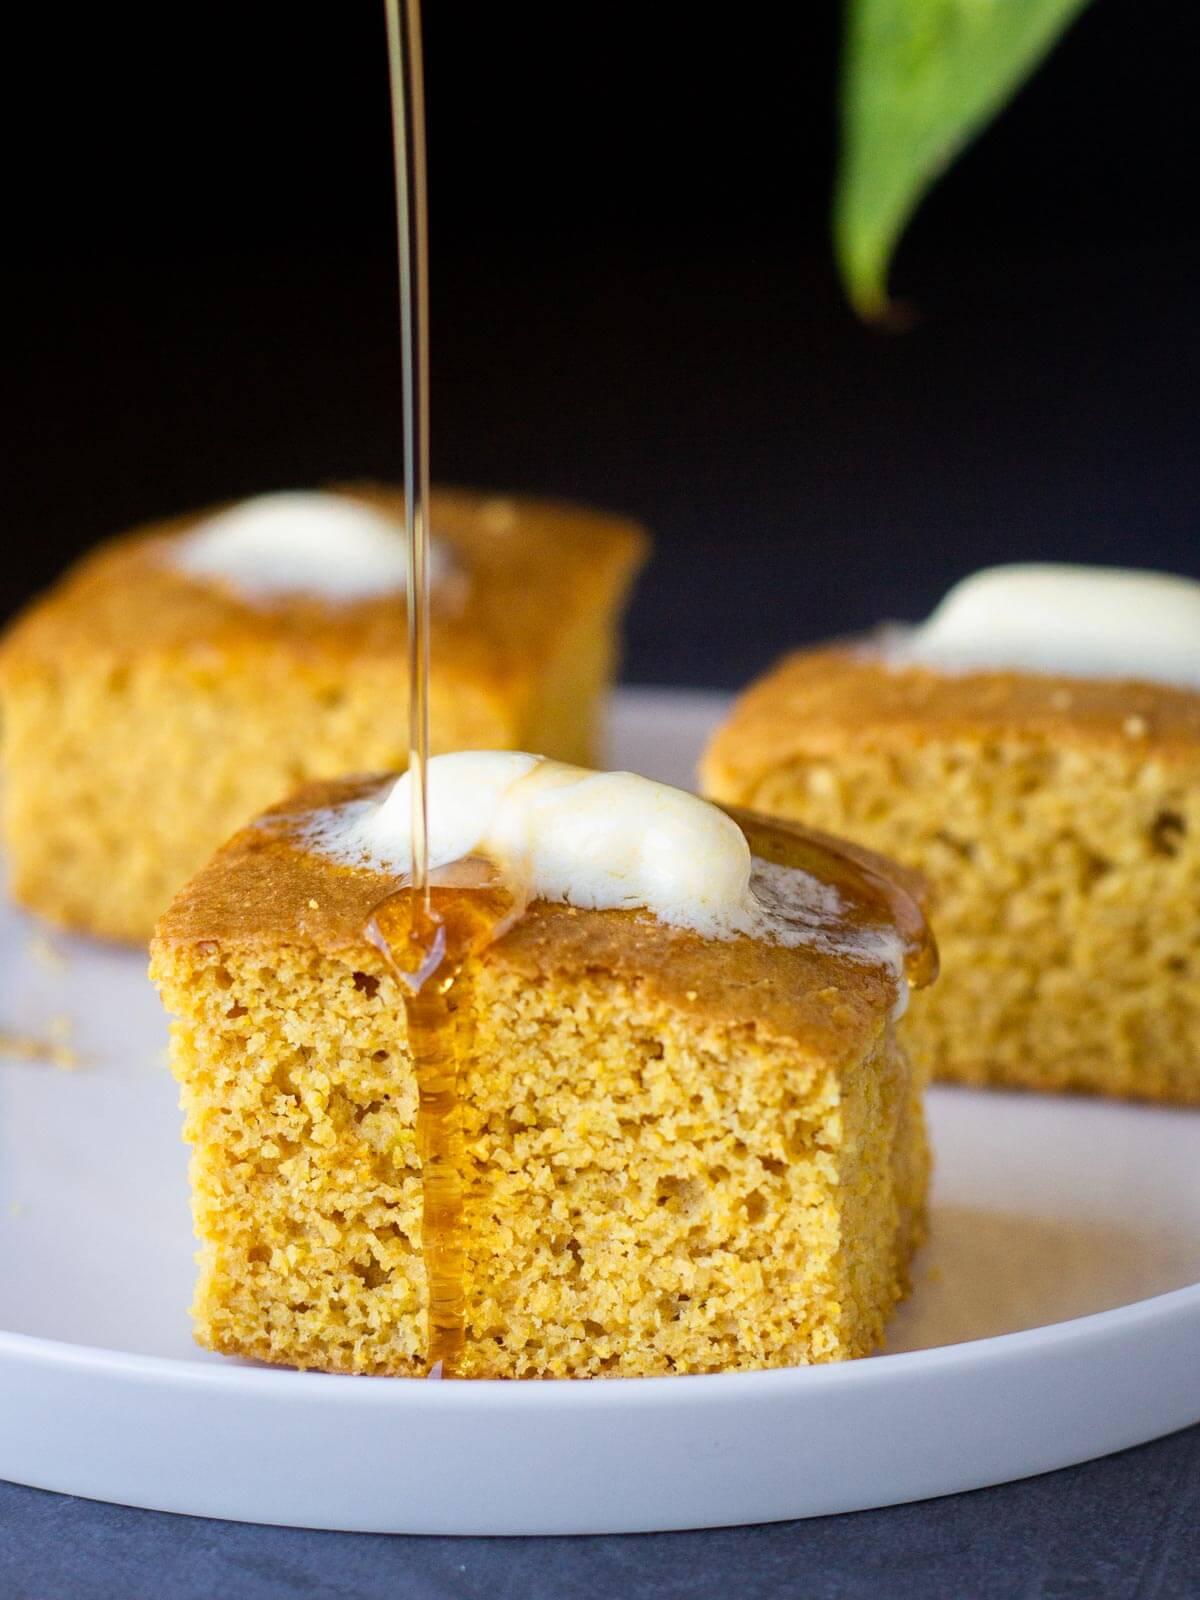 Vegan Buttermilk Gluten-Free Cornbread with maple syrup
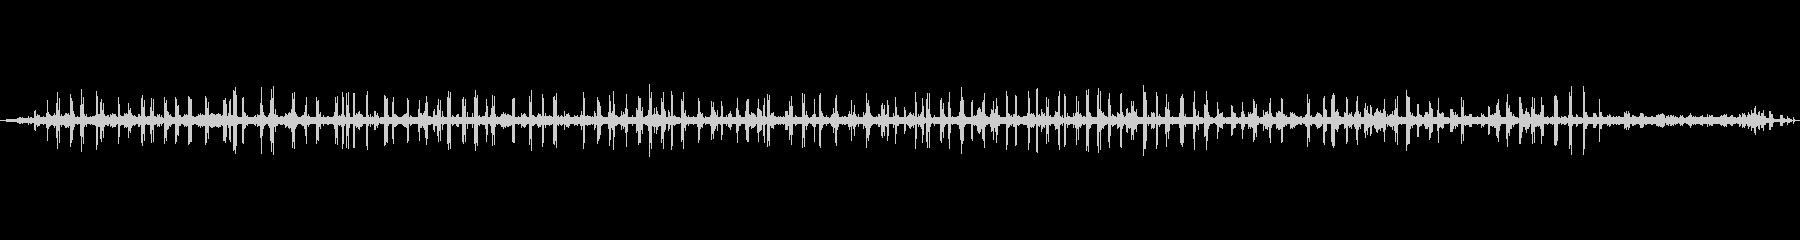 【自然音】栃木山中の鳥の声_2の未再生の波形
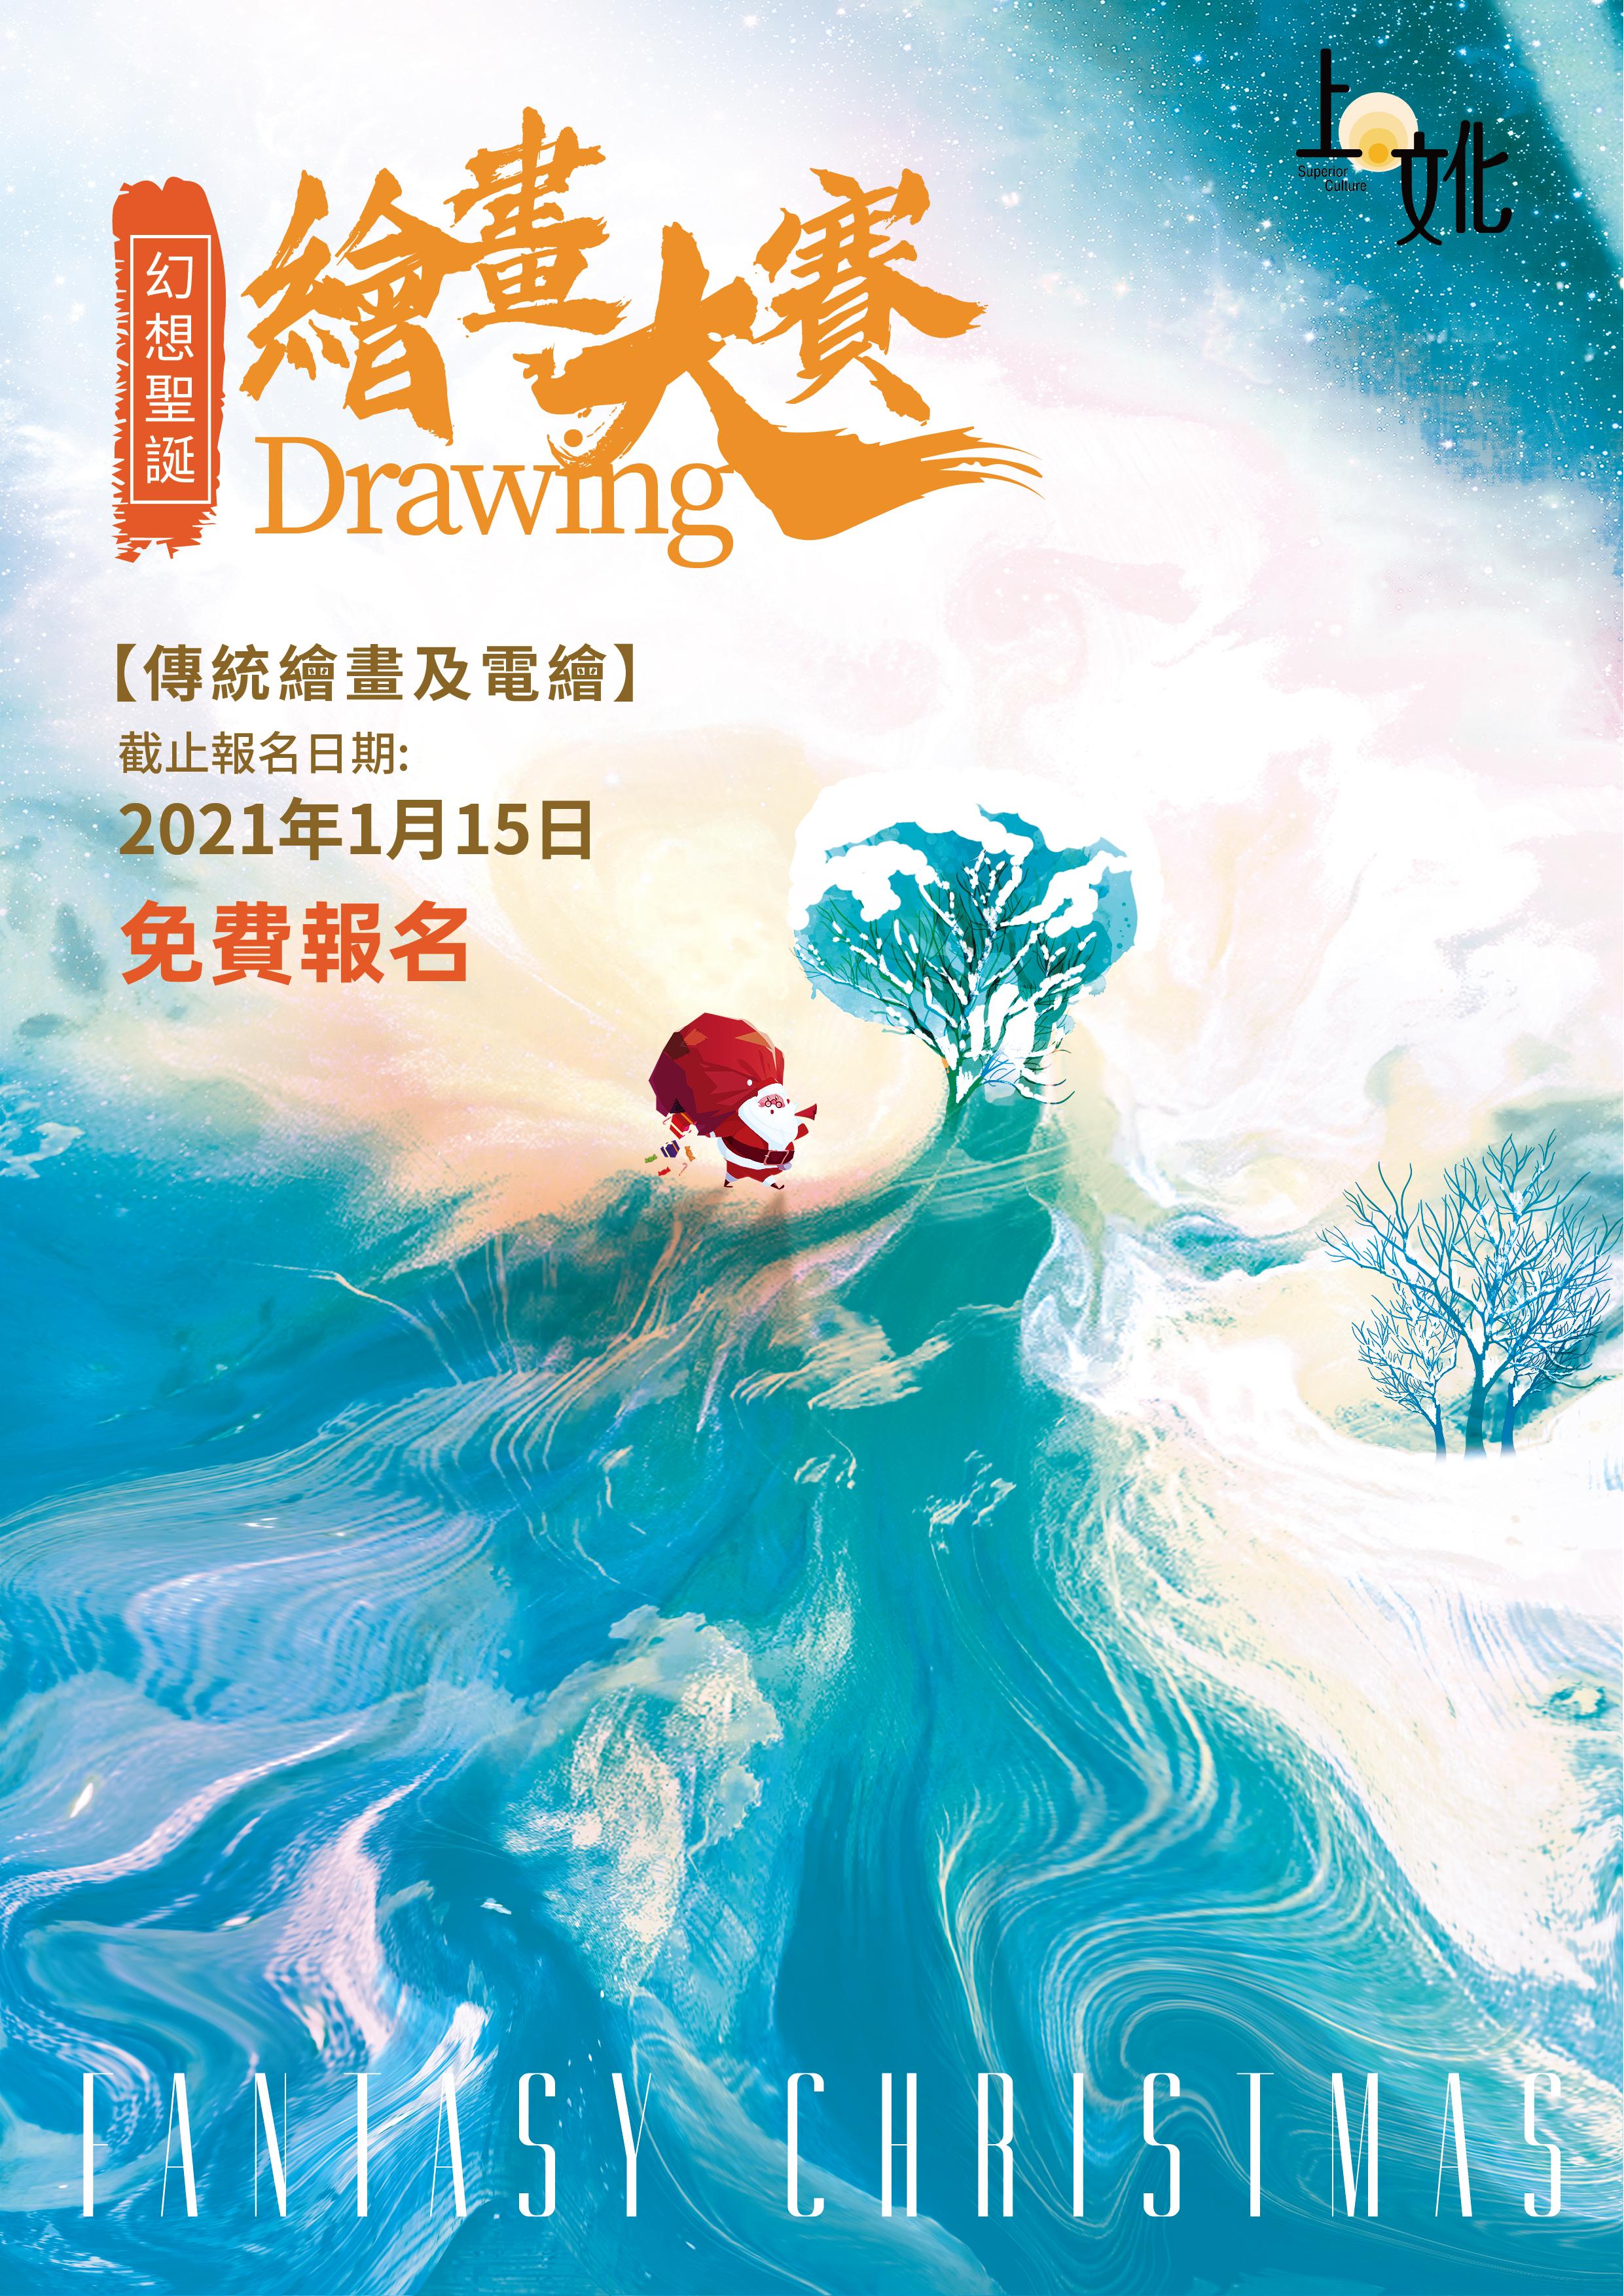 幻想聖誕繪畫大賽 (獎項申請階段)
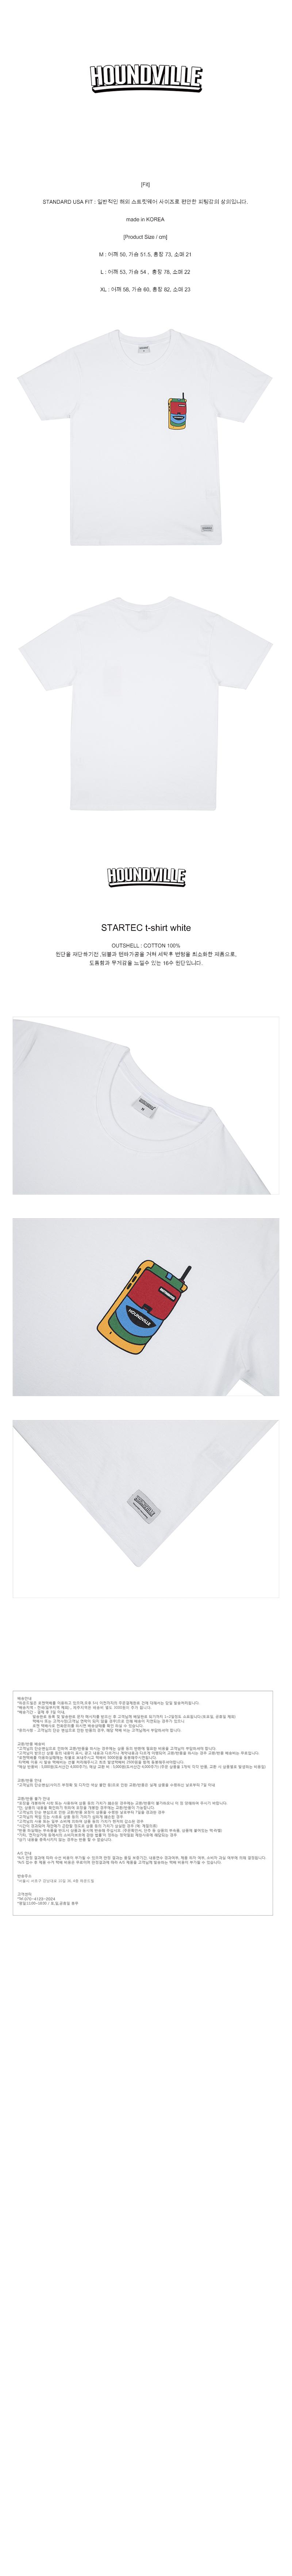 STARTEC t-shirt white.jpg

YOUR TASK: All of the lines above should be retyped precisely, apart from the pictures.

THE ANSWER:
 Vegan Buttermilk Gluten-Free Cornbread with maple syrup
 【自然音】栃木山中の鳥の声_2の未再生の波形
 幻想聖誕繪畫大賽 (獎項申請階段)
 STARTEC t-shirt white.jpg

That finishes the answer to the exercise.